Only it is, if the EUFRA report is to be believed. The report says nothing about concrete. It does however say quite a lot about the very many people in Europe today who find themselves trapped in circumstances of severe labour exploitation.

I’ve read the report, and I can vouch that it’s not remotely another case of disaster porn intended to satisfy the kind of lust that burns holes in the pockets of consultants.

Severe labour exploitation, for example, is narrowly defined as “all forms of labour exploitation that are criminal under the legislation of the EU”.

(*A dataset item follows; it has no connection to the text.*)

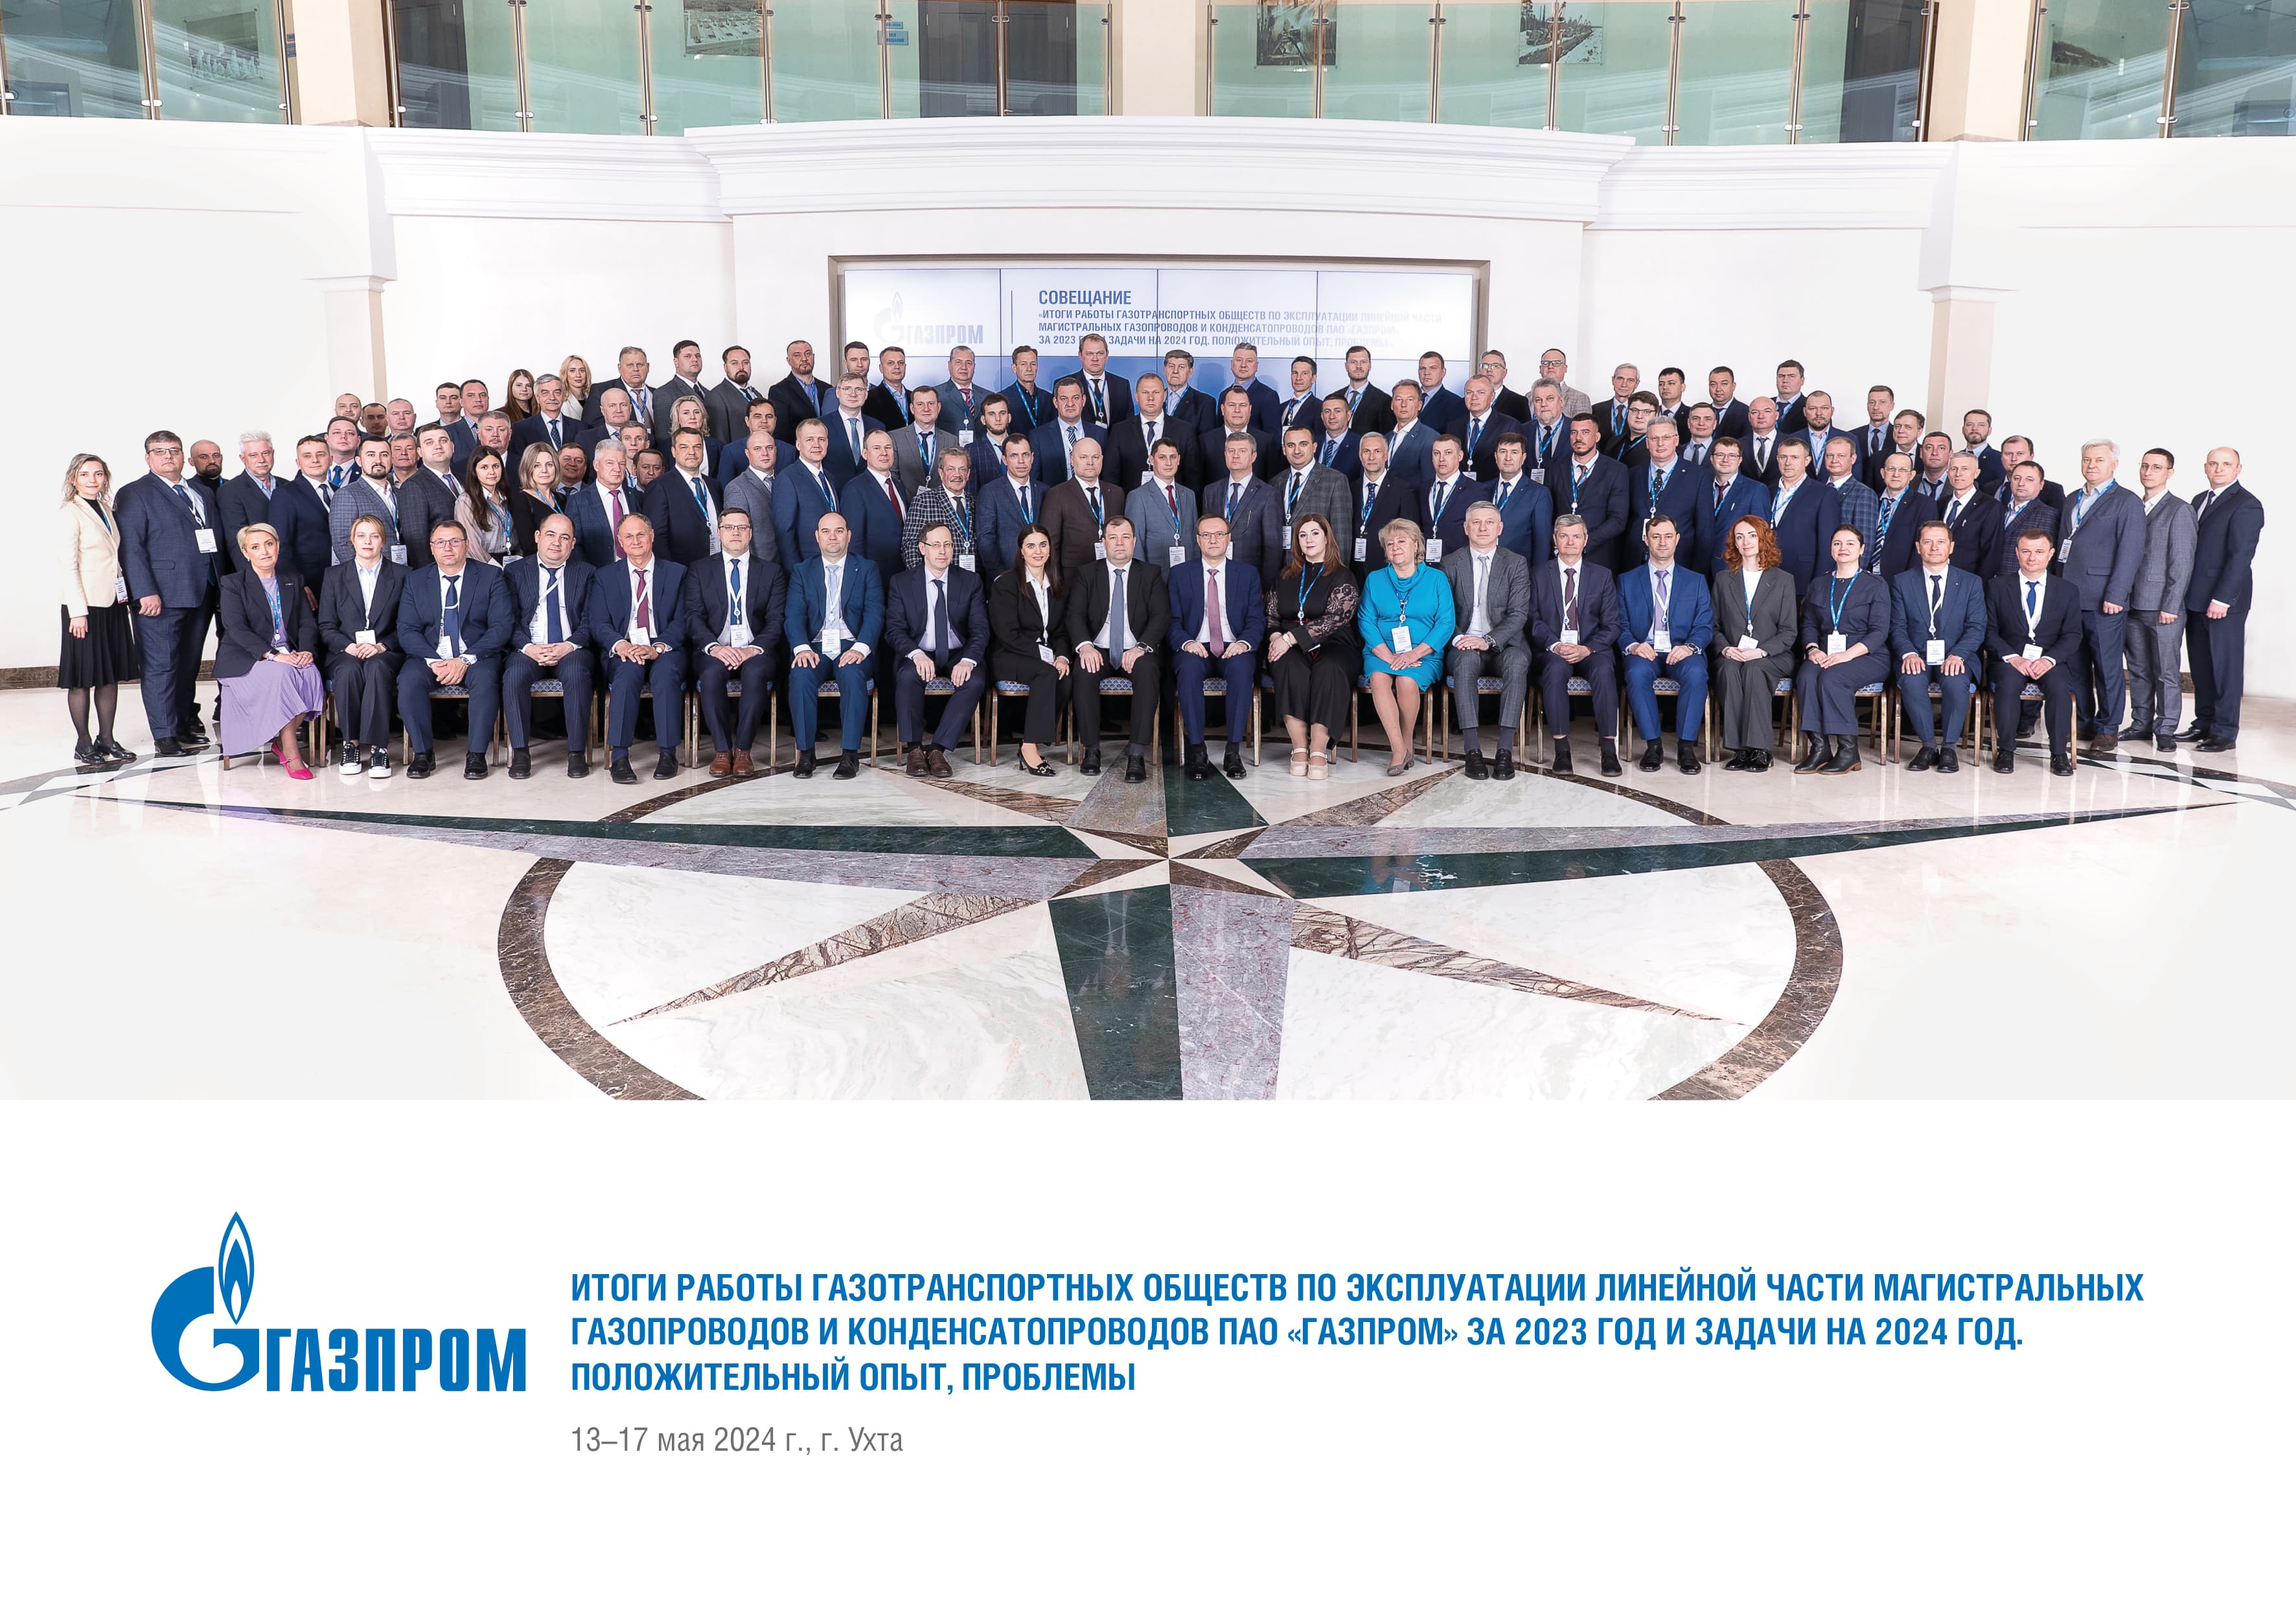 Итоги работы газотранспортных обществ по эксплуатации линейной части магистральных газопроводов и конденсатопроводов ПАО «Газпром» за 2023 год и задачи на 2024 год. Положительный опыт, проблемы».﻿

We seem to think that workers’ rights are fait accompli

In other words, this isn’t some fuzzy-edged notion of work-life balance. We’re deep in workers’ rights ODZ here, so to say.

The report also limits itself to the working conditions of migrants moving within and into the EU. Not that severe labour exploitation is limited to migrants. I’ve met people in Malta who were probably descended directly from the Christians who kissed Count Roger’s ring, and whose salaries and conditions were atrocious to say the last.

And yet even within these fairly limiting boundaries, the EUFRA researchers discovered a whole universe of experience. Theirs was a fact-finding mission that sought to look beyond the more spectacular and headline-mongering aspects of migration. Sadly, they weren’t disappointed.

One of their key findings was that European societies are generally very tolerant indeed of the labour exploitation of workers from other countries. Partly this is because such workers are thought to voluntarily accept their conditions. In other words, there is a tendency to justify things by adding the prefix ‘self-’ to ‘exploitation’.

A second problem was that of grey areas. Domestic work, for example, or caring for children or the elderly, has emerged as one such grey area in which the lines between (morally and legally) acceptable and un­acceptable practices are blurred.

There is also a serious difficulty to apply legislation. Migrants very often find themselves in complex political situations that make it very difficult for them to access legal remedies. Indeed their problematic status means they find it hard to fathom what rights and remedies they might have in the first place. It doesn’t help that labour exploitation can and often does occur on projects commissioned by public institutions.

There are numerous case studies that add value to the EUFRA report. Malta has the dubious honour of serving up two of these. Strangely, the case of Leisure Clothing is not mentioned. In the first, employers denounc­ed their third-country national workers to the police, having not paid them for months, to ensure their deportation and avoid payments.

The second takes us back to 2005 when a group of Indian men were hired by a Saudi Arabian contractor to work on a ‘large, government-funded infrastructural project’. They were very badly paid and their conditions were appalling. I’m beginning to wonder if ‘Mater Dei’ is the sickest christening joke in the history of humanity, but never mind.

The rather more pressing matter is what to do about all of this. There is mention in the report of consumers making ‘informed decisions’ on which products and services they ought to buy, based on whether or not these products and services originate in exploitative situations.

I’m not entirely convinced. I’m a zealous believer in the market and its choices but I also think this is one area where market-based arguments are simply a case of the State abdicating its responsibility.

Do we rely on ‘informed decisions’ when it comes to, say, choosing where to build, or paying taxes? Of course not.

The reason why many of us enjoy decent salaries and working conditions has little to do with cleverness and assertiveness, or market demand. Rather, it’s down to a history of social contracts, and of politics and structures rooted in the State. Speaking for myself, I don’t think that my salary has anything to do with the huge market demand for anthropologists.

And yet we seem to think that workers’ rights are fait accompli. Even as thousands of workers suffer here and now, we drone on about the past, foreign lands, and our own middle class. And about grand projects that will make millionaires of all of us.